- **Exercise aim**:
The answer must be an exact reproduction of all the entries.
START Data for analysis
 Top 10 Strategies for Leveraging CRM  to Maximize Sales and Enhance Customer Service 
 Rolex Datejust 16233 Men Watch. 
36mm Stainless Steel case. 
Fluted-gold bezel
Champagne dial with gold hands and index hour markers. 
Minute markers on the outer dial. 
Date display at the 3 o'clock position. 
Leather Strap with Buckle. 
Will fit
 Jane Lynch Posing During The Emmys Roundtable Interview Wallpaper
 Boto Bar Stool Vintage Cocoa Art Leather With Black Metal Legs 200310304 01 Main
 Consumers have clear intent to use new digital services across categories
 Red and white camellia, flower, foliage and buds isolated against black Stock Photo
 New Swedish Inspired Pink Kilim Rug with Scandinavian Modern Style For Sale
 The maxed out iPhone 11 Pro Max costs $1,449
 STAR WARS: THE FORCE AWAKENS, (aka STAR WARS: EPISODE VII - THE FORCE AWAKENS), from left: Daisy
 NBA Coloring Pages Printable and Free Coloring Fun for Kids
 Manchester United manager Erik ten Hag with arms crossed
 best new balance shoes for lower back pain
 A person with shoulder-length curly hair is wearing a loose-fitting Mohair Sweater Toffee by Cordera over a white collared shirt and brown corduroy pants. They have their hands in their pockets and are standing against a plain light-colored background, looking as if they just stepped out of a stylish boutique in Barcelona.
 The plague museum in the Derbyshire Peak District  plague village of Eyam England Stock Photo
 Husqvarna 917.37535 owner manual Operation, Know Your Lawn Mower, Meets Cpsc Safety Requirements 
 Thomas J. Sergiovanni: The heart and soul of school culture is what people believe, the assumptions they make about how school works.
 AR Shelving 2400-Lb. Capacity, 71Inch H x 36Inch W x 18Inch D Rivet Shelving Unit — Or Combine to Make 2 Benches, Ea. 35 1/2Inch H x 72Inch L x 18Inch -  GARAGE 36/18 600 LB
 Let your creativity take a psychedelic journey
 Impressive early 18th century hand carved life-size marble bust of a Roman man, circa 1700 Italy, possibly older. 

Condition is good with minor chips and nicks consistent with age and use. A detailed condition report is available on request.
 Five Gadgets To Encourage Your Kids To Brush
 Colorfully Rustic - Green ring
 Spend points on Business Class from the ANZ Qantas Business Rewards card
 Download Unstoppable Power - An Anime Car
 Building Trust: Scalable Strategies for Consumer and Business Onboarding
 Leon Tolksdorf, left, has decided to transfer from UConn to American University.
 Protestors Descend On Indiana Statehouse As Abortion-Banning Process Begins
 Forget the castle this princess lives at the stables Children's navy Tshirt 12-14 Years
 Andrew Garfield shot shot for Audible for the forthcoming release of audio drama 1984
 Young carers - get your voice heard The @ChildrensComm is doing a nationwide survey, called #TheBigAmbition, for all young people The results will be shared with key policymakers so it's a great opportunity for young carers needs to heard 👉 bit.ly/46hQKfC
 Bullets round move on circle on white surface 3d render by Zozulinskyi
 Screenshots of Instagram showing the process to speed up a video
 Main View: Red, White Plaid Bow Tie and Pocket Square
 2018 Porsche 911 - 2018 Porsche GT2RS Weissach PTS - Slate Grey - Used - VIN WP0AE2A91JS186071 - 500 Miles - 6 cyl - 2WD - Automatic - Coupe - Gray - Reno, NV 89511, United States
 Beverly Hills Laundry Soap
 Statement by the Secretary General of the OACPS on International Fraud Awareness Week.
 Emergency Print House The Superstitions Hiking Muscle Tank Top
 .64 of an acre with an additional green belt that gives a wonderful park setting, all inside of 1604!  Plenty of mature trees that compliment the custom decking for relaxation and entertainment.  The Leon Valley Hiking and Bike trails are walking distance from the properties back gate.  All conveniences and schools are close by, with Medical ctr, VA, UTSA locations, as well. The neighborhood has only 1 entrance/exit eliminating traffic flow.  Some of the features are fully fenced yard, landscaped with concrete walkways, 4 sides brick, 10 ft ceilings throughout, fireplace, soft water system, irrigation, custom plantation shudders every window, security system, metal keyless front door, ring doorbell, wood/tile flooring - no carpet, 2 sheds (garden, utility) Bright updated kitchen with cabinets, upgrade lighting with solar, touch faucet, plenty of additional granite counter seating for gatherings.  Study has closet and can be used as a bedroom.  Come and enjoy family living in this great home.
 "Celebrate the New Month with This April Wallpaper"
END Data for analysis
- **Written solution**:
 Top 10 Strategies for Leveraging CRM  to Maximize Sales and Enhance Customer Service 
 Rolex Datejust 16233 Men Watch. 
36mm Stainless Steel case. 
Fluted-gold bezel
Champagne dial with gold hands and index hour markers. 
Minute markers on the outer dial. 
Date display at the 3 o'clock position. 
Leather Strap with Buckle. 
Will fit
 Jane Lynch Posing During The Emmys Roundtable Interview Wallpaper
 Boto Bar Stool Vintage Cocoa Art Leather With Black Metal Legs 200310304 01 Main
 Consumers have clear intent to use new digital services across categories
 Red and white camellia, flower, foliage and buds isolated against black Stock Photo
 New Swedish Inspired Pink Kilim Rug with Scandinavian Modern Style For Sale
 The maxed out iPhone 11 Pro Max costs $1,449
 STAR WARS: THE FORCE AWAKENS, (aka STAR WARS: EPISODE VII - THE FORCE AWAKENS), from left: Daisy
 NBA Coloring Pages Printable and Free Coloring Fun for Kids
 Manchester United manager Erik ten Hag with arms crossed
 best new balance shoes for lower back pain
 A person with shoulder-length curly hair is wearing a loose-fitting Mohair Sweater Toffee by Cordera over a white collared shirt and brown corduroy pants. They have their hands in their pockets and are standing against a plain light-colored background, looking as if they just stepped out of a stylish boutique in Barcelona.
 The plague museum in the Derbyshire Peak District  plague village of Eyam England Stock Photo
 Husqvarna 917.37535 owner manual Operation, Know Your Lawn Mower, Meets Cpsc Safety Requirements 
 Thomas J. Sergiovanni: The heart and soul of school culture is what people believe, the assumptions they make about how school works.
 AR Shelving 2400-Lb. Capacity, 71Inch H x 36Inch W x 18Inch D Rivet Shelving Unit — Or Combine to Make 2 Benches, Ea. 35 1/2Inch H x 72Inch L x 18Inch -  GARAGE 36/18 600 LB
 Let your creativity take a psychedelic journey
 Impressive early 18th century hand carved life-size marble bust of a Roman man, circa 1700 Italy, possibly older. 

Condition is good with minor chips and nicks consistent with age and use. A detailed condition report is available on request.
 Five Gadgets To Encourage Your Kids To Brush
 Colorfully Rustic - Green ring
 Spend points on Business Class from the ANZ Qantas Business Rewards card
 Download Unstoppable Power - An Anime Car
 Building Trust: Scalable Strategies for Consumer and Business Onboarding
 Leon Tolksdorf, left, has decided to transfer from UConn to American University.
 Protestors Descend On Indiana Statehouse As Abortion-Banning Process Begins
 Forget the castle this princess lives at the stables Children's navy Tshirt 12-14 Years
 Andrew Garfield shot shot for Audible for the forthcoming release of audio drama 1984
 Young carers - get your voice heard The @ChildrensComm is doing a nationwide survey, called #TheBigAmbition, for all young people The results will be shared with key policymakers so it's a great opportunity for young carers needs to heard 👉 bit.ly/46hQKfC
 Bullets round move on circle on white surface 3d render by Zozulinskyi
 Screenshots of Instagram showing the process to speed up a video
 Main View: Red, White Plaid Bow Tie and Pocket Square
 2018 Porsche 911 - 2018 Porsche GT2RS Weissach PTS - Slate Grey - Used - VIN WP0AE2A91JS186071 - 500 Miles - 6 cyl - 2WD - Automatic - Coupe - Gray - Reno, NV 89511, United States
 Beverly Hills Laundry Soap
 Statement by the Secretary General of the OACPS on International Fraud Awareness Week.
 Emergency Print House The Superstitions Hiking Muscle Tank Top
 .64 of an acre with an additional green belt that gives a wonderful park setting, all inside of 1604!  Plenty of mature trees that compliment the custom decking for relaxation and entertainment.  The Leon Valley Hiking and Bike trails are walking distance from the properties back gate.  All conveniences and schools are close by, with Medical ctr, VA, UTSA locations, as well. The neighborhood has only 1 entrance/exit eliminating traffic flow.  Some of the features are fully fenced yard, landscaped with concrete walkways, 4 sides brick, 10 ft ceilings throughout, fireplace, soft water system, irrigation, custom plantation shudders every window, security system, metal keyless front door, ring doorbell, wood/tile flooring - no carpet, 2 sheds (garden, utility) Bright updated kitchen with cabinets, upgrade lighting with solar, touch faucet, plenty of additional granite counter seating for gatherings.  Study has closet and can be used as a bedroom.  Come and enjoy family living in this great home.
 "Celebrate the New Month with This April Wallpaper"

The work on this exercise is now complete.